While there is little to be done regarding the young-age disagreement with our current data set, we note that only 15% of our data are giants (having surface gravities less than 3). We also rerun the main analysis of this work with a subsample of data that avoids the giant branch and main sequence, in Section 4.1.4, and find our results with both the full sample and high-quality subsample to be similar.

2.1.4. Orbits and Coordinates

We use a right-handed coordinate system with the Sun located along the x-axis at (X, Y, Z) = (−8.27, 0, 0) kpc. The solar system rotates with a velocity of (V^R, V^ϕ, V^Z) = (0,−236, 0) km s⁻¹ (alternatively, (U, V, W) = (0, 236, 0) km s⁻¹), and it has a motion relative to the local standard of rest of (U, V, W) = (13.0, 12.24, 7.24) km s⁻¹. These values are adopted from Schönrich & Aumer (2017).

We assign Cartesian coordinates for our stars using the on-sky coordinates and distances from the catalog of Bailer-Jones et al. (2021). Cartesian velocities are calculated following the procedure of Johnson & Soderblom (1987). From these Cartesian velocities, we calculate the spherical and cylindrical velocities in the usual way.

To account for measurement errors, we create 100 mock observations per star with the relevant parameters pulled from their error distributions and accounting for the correlations between the measurements (as reported in the Gaia astrometric catalog). The final phase-space coordinates and errors are the mean and standard deviation of these 100 Monte-Carlo error-expanded mock observations.

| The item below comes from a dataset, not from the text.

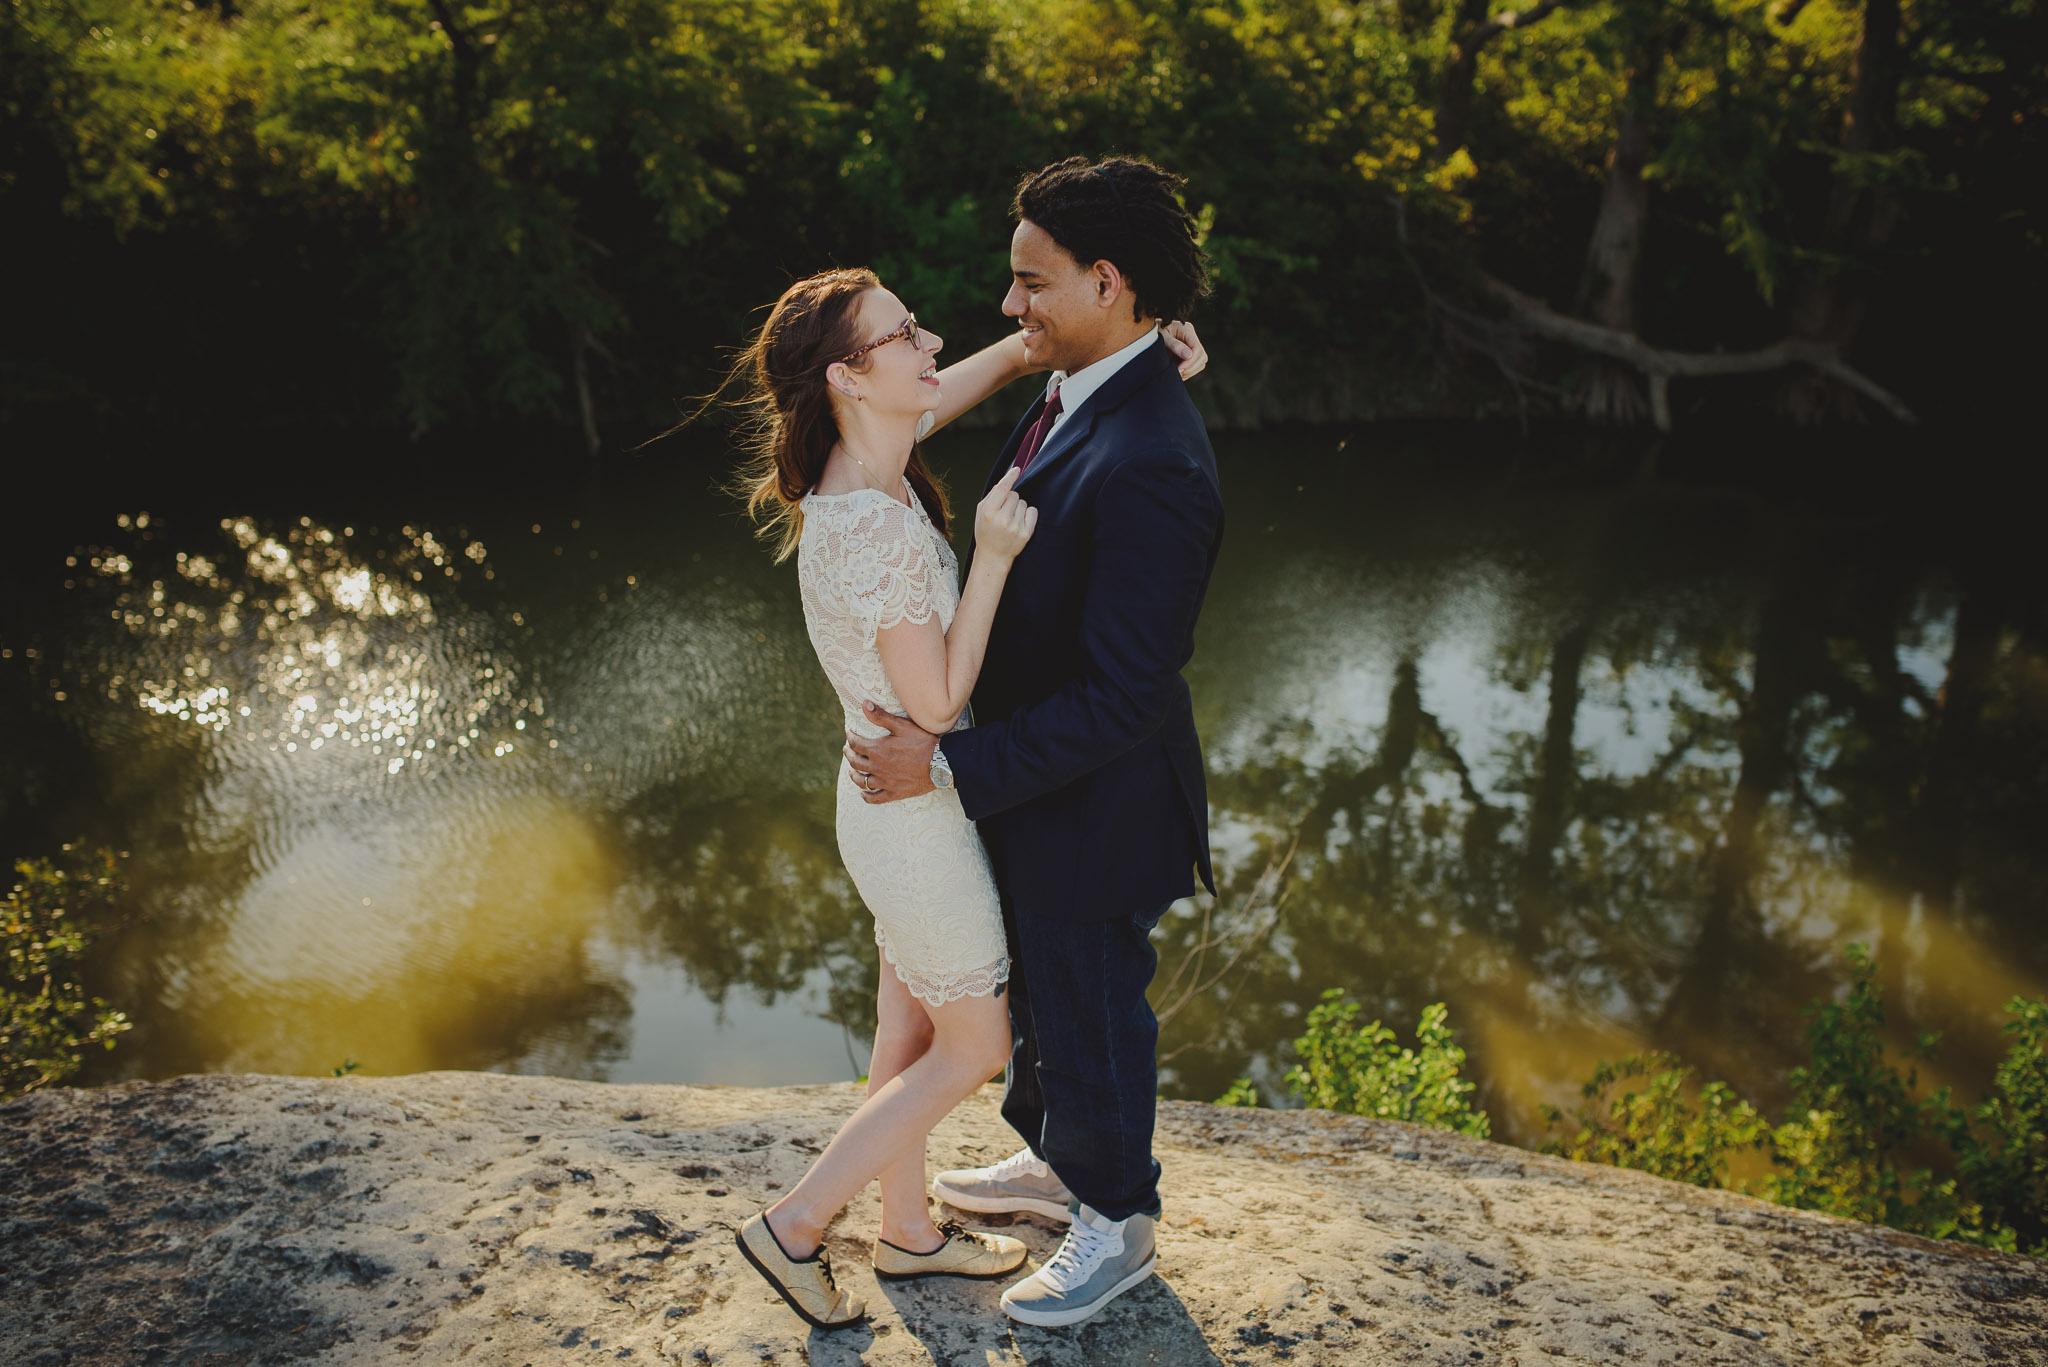 Austin-texas-wedding-photographer-McKinney-Falls-State-Park-0002.jpg
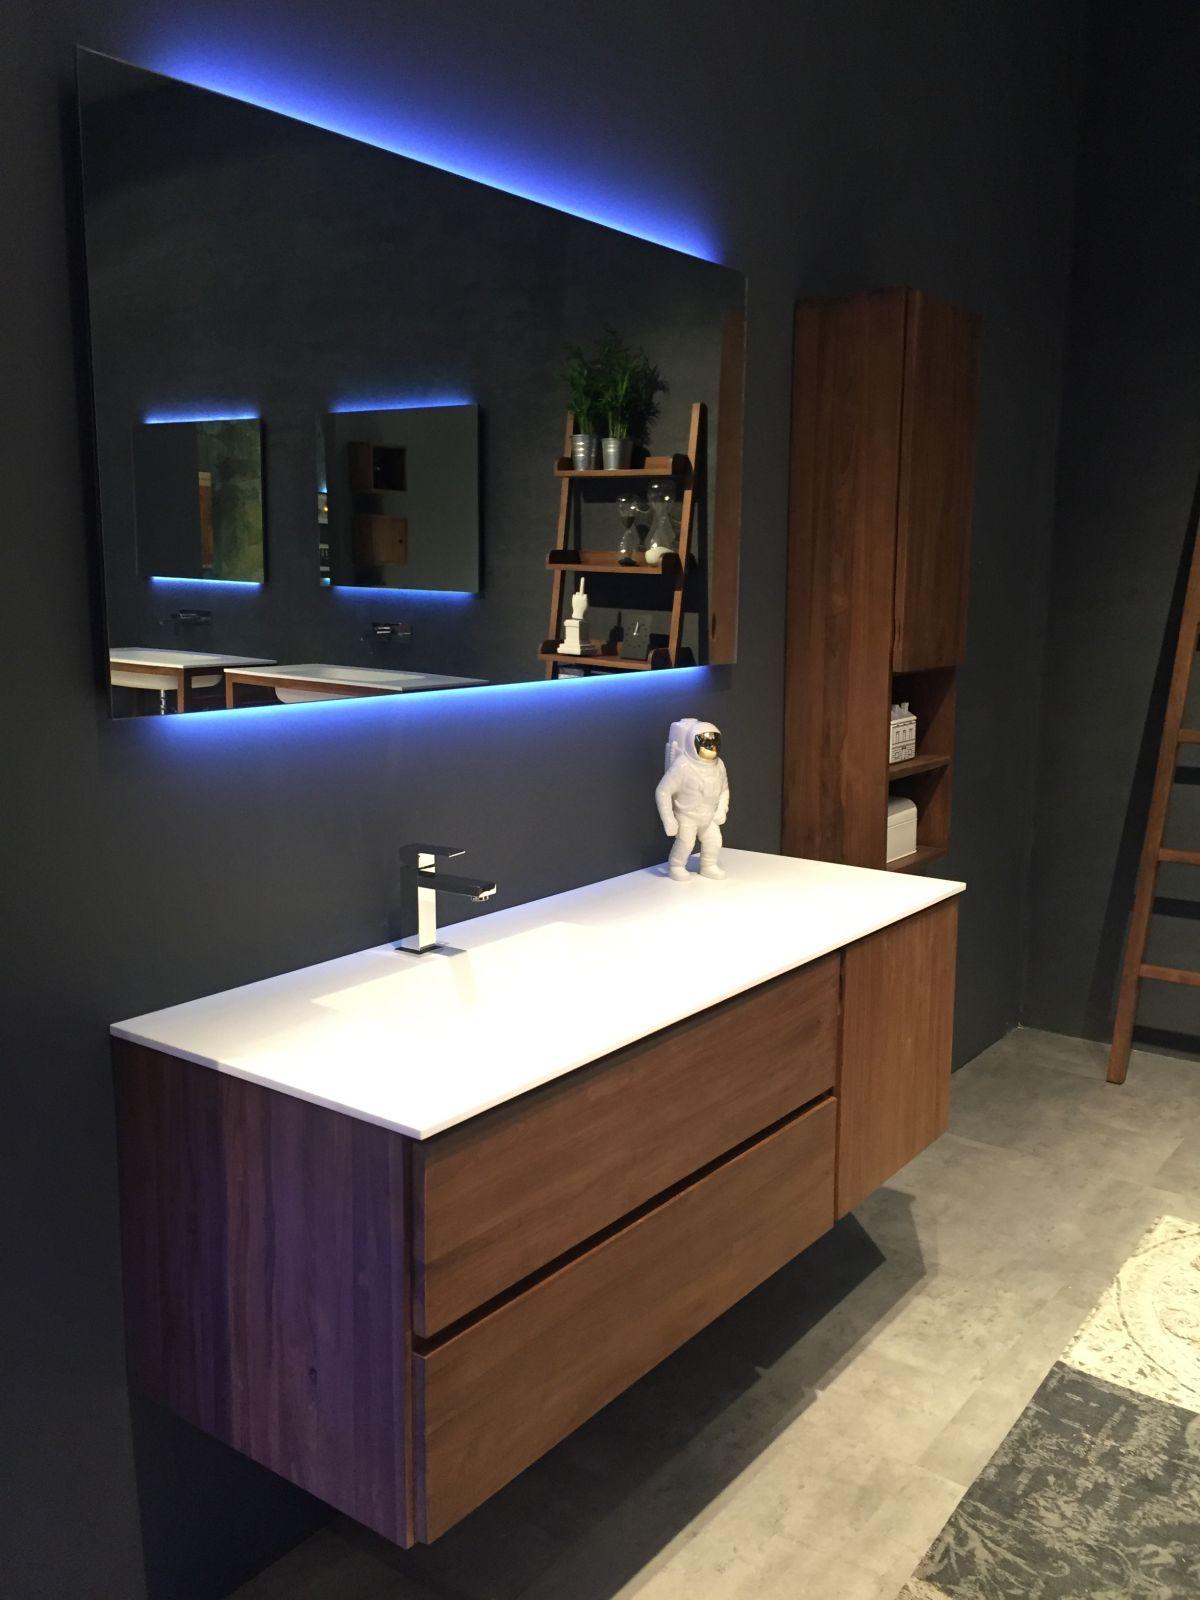 Stylish Ways To Decorate With Modern Bathroom Vanities ...

We calculate the orbits based on these final phase-space coordinates with the Python package galpy (described in Bovy 2015.⁵ ) Within this package, we use the provided potential MWPotential2014, which is a superposition of an exponentially cutoff power-law bulge (McMillan 2011), a Miyamoto–Nagai disk (Miyamoto & Nagai 1975), and an NFW (Navarro–Frenk–White) halo (Navarro et al. 1997). The potential is modified to reflect our coordinate system values for solar position and velocity, noted above. We will also make use of the potentials of Irrgang et al. (2013) and McMillan (2017), which are available in the same code library and are similarly modified for our solar values.

For this paper, we will be measuring the iron abundance [Fe/H] as a function of the guiding radius, R_g, defined as the radius of a circular orbit with the same angular momentum as the observation within the same Galactic potential. This is slightly more precise than approximating R_g as the average of the orbital apocenter and pericenter radii and accounts for the effect whereby stars are generally closer to pericenter than apocenter along their orbits. This R_g-based gradient is less affected by blurring (epicyclic motions) than an R_present-based gradient, and its use can help reveal the intrinsic underlying gradient.

2.2. Quality Cuts

Having obtained chemistry, phase information, orbits, and age information for our data, we perform some quality cuts to prepare our final data set.

We remove duplicate observations within 5'', preserving the observations with the highest signal-to-noise ratio (defined as the quadrature sum of the signal-to-noise ratio in g, r, and i).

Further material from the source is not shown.